Using this information, the CS&C analysts are able to keep the public informed about potential threats that may affect them. As the name would suggest, the NCPS Information Sharing system enables the exchange of information relating to cyber threat and cyber incidents between DHS cybersecurity analysts and their cybersecurity partners.
The aim of Information Sharing is threefold – first to prevent cybersecurity incidents from happening, second to improve cooperation and collaboration so that if and when an incident does occur it can be responded to rapidly and effectively, and third to improve efficiency through greater use of automated information sharing. Finally, the NCPS Intrusion Prevention capabilities – which form part of EINSTEIN 3 Accelerated (E3A) provide active network defence capabilities and can prevent or limit the intrusion of malicious actors into federal networks and systems.
What is the EINSTEIN system?
EINSTEIN is the operational name for NCPS’ capabilities. It consists of three elements, released in phases between 2004 and 2015: EINSTEIN 1 (E1), EINSTEIN 2 (E2) and EINSTEIN 3 Accelerated (E3A). As its name would suggest, EINSTEIN 1 was the first iteration of the EINSTEIN project and at launch was known simply as EINSTEIN. Developed in 2003, it monitors network traffic flowing between federal civilian agencies, allowing the DHS to identify and analyze suspicious activity and determine whether it is malicious. It can also conduct forensic analysis after an event such as infection by malware or a hacking attempt has occurred.
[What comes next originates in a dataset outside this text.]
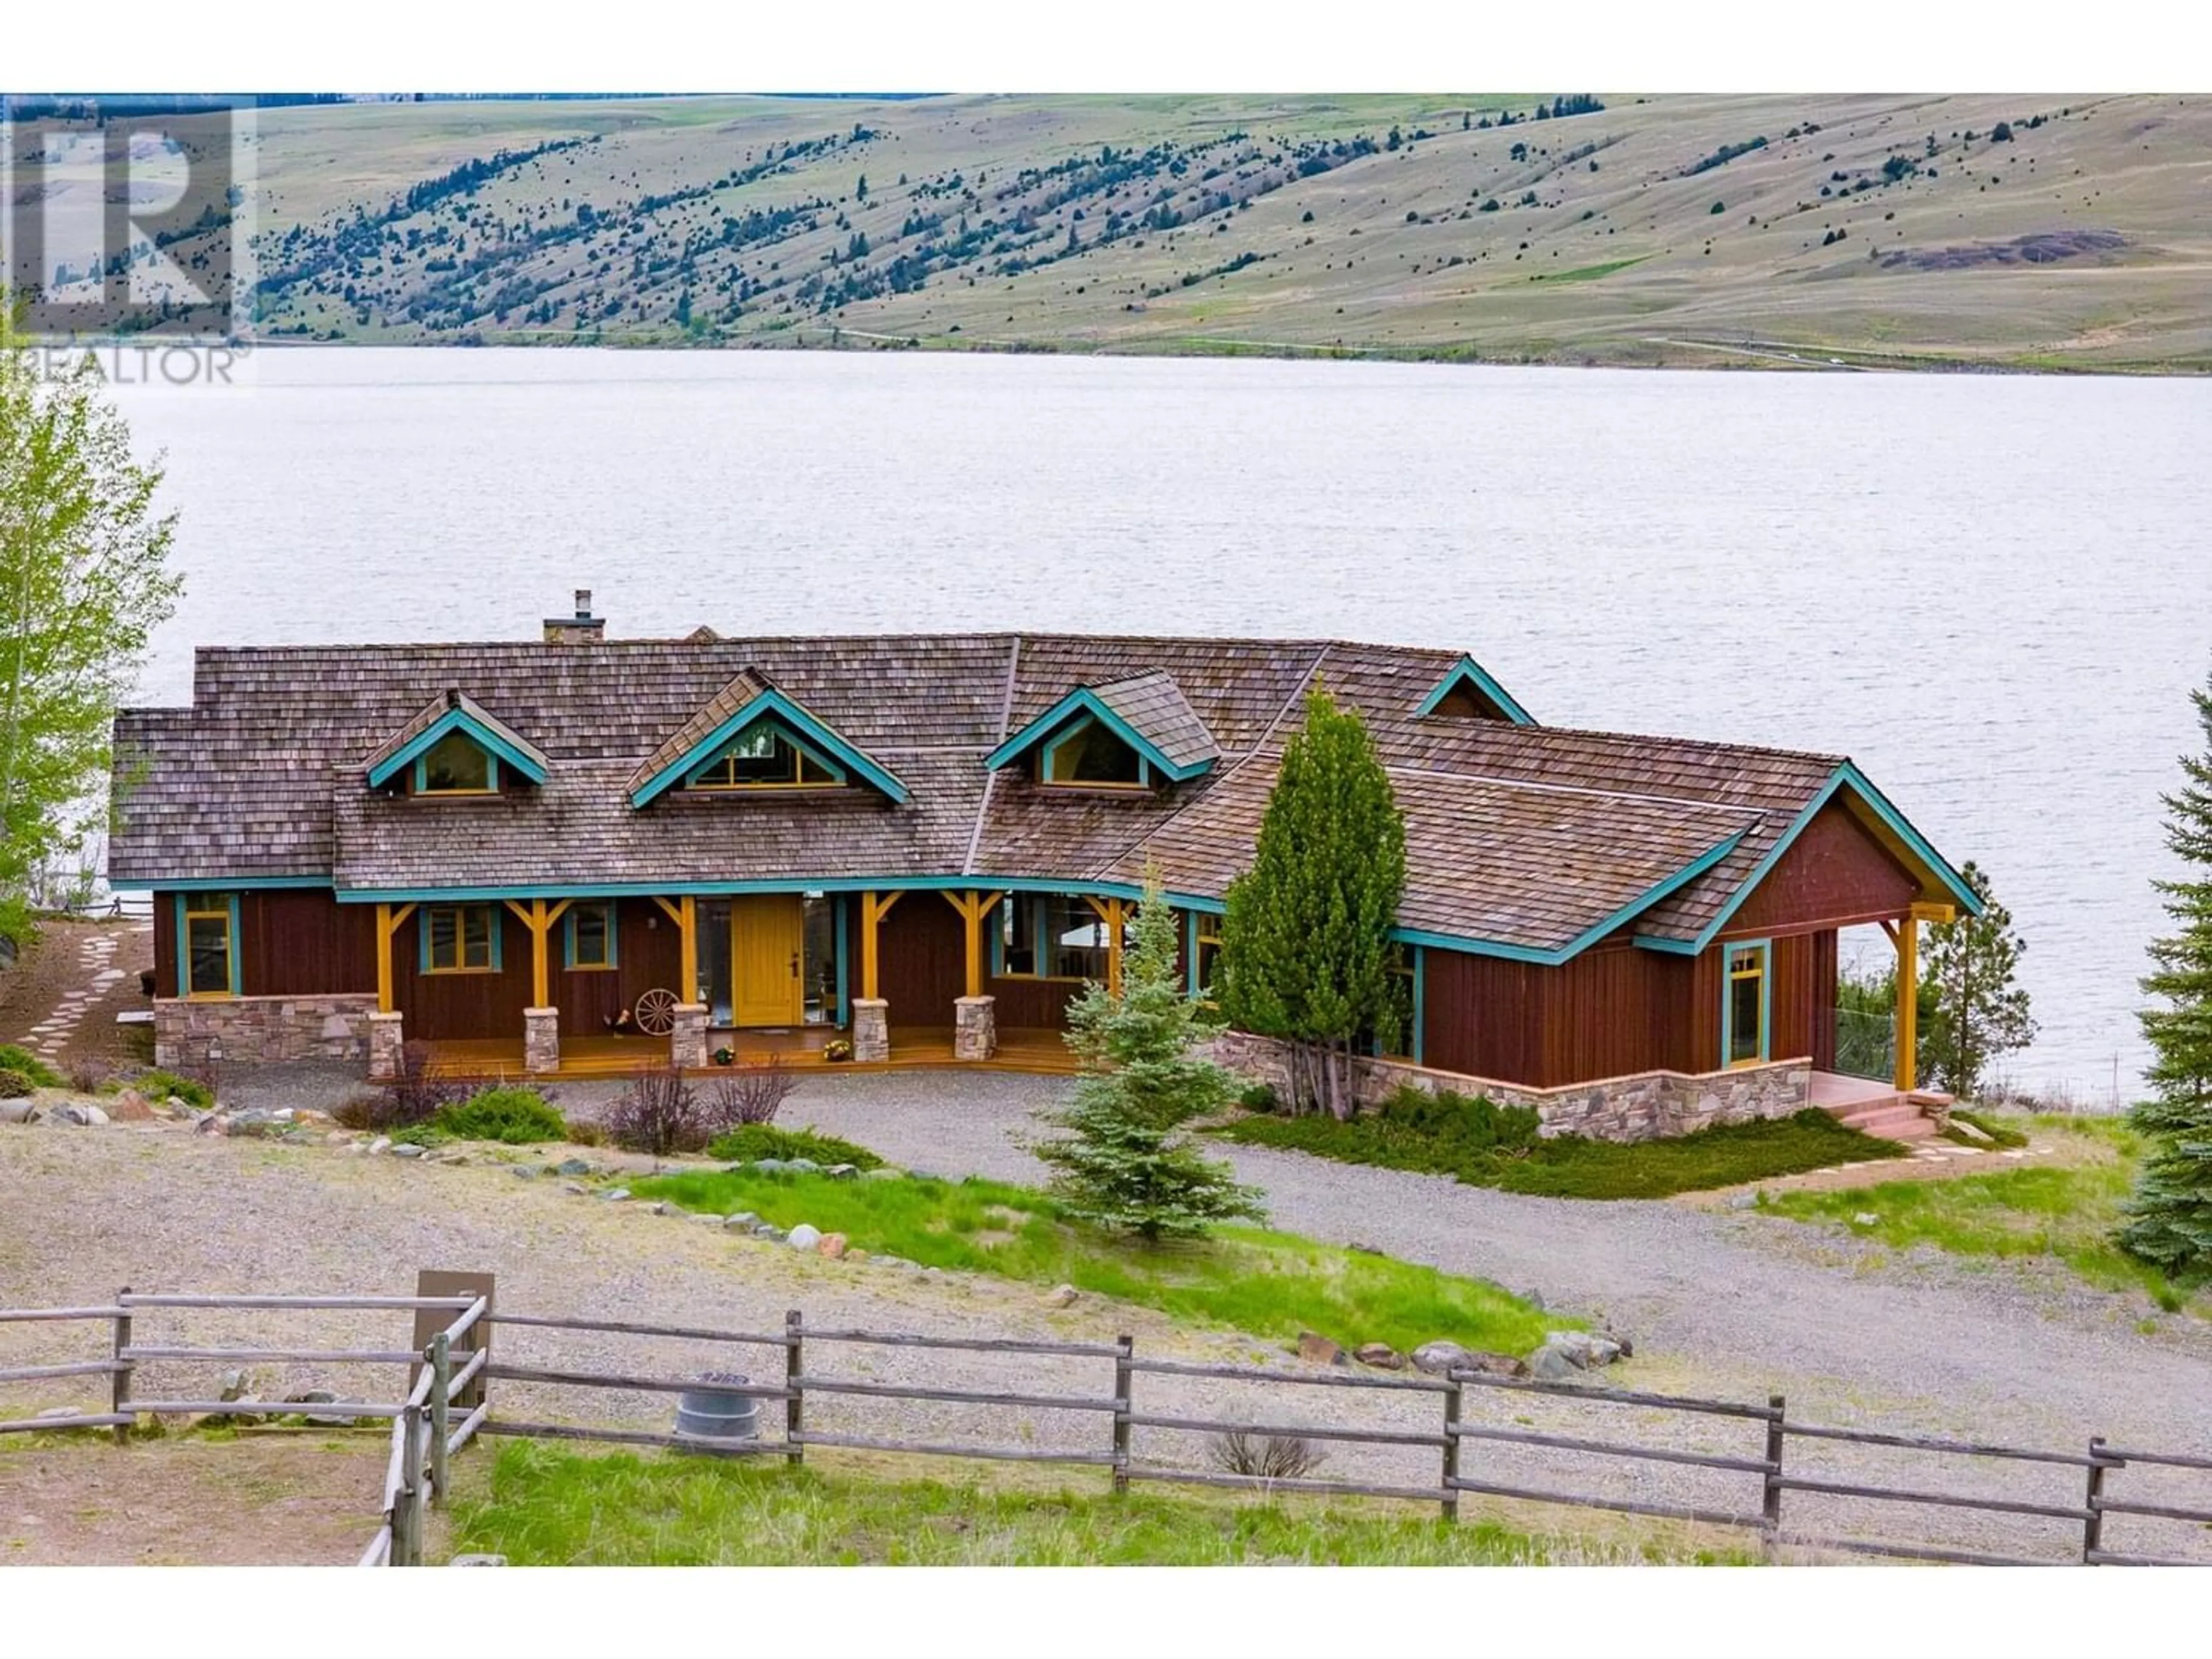 Outside view for 8885 OLD KAMLOOPS RD, Stump Lake British Columbia V0E2R0

During the implementation of EINSTEIN 1, it became apparent that most agencies had many more IP gateways than they had realised, which meant the EINSTEIN system as it stood wasn’t sufficient to protect the network by itself.
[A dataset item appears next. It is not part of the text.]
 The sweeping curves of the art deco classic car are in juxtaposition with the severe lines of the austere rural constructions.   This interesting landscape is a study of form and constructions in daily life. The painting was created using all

This led to the creation of EINSTEIN 2. EINSTEIN 2 is an intrusion detection system that works alongside E1 and looks for specific signatures of known malicious activity, for example, a worm, ransomware or other malware. According to CISA, E1 and E2 screen all traffic that travels between federal civilian agencies’ internal networks and the internet through its Trusted Internet Connection (TIC) gateway. They generate approximately 30,000 alerts about cyber attacks each year, which analysed by DHS security personnel to determine if there is a real threat and what action needs to be taken. EINSTEIN 3 Accelerated is an evolution of a plan to create a system that could identify and block cyber attacks using classified signatures, known as EINSTEIN 3. In 2012, two years after the original E3 was mooted, the DHS decided instead to include major Internet service providers (ISPs), which would provide intrusion prevention systems using commercially available technology, rather than trying to build a bespoke system itself. This is E3A, the third part of the EINSTEIN puzzle.
Future developments
The NCPS and in particular EINSTEIN are constant works in progress. From the addition of E2 and E3A to the E1 framework and the creation of NCPS to bring it all together, it’s evident that as new ways of managing and analysing the flow of data between federal agencies and the public Internet emerge, new layers and systems will be added. Currently, it’s hard to say what these may be, although E3A demonstrates that CISA is open to using commercially available software administered by non-governmental agencies. Therefore, developments in the business and consumer space are likely to influence any “EINSTEIN 4” or other evolution of NCPS in the future.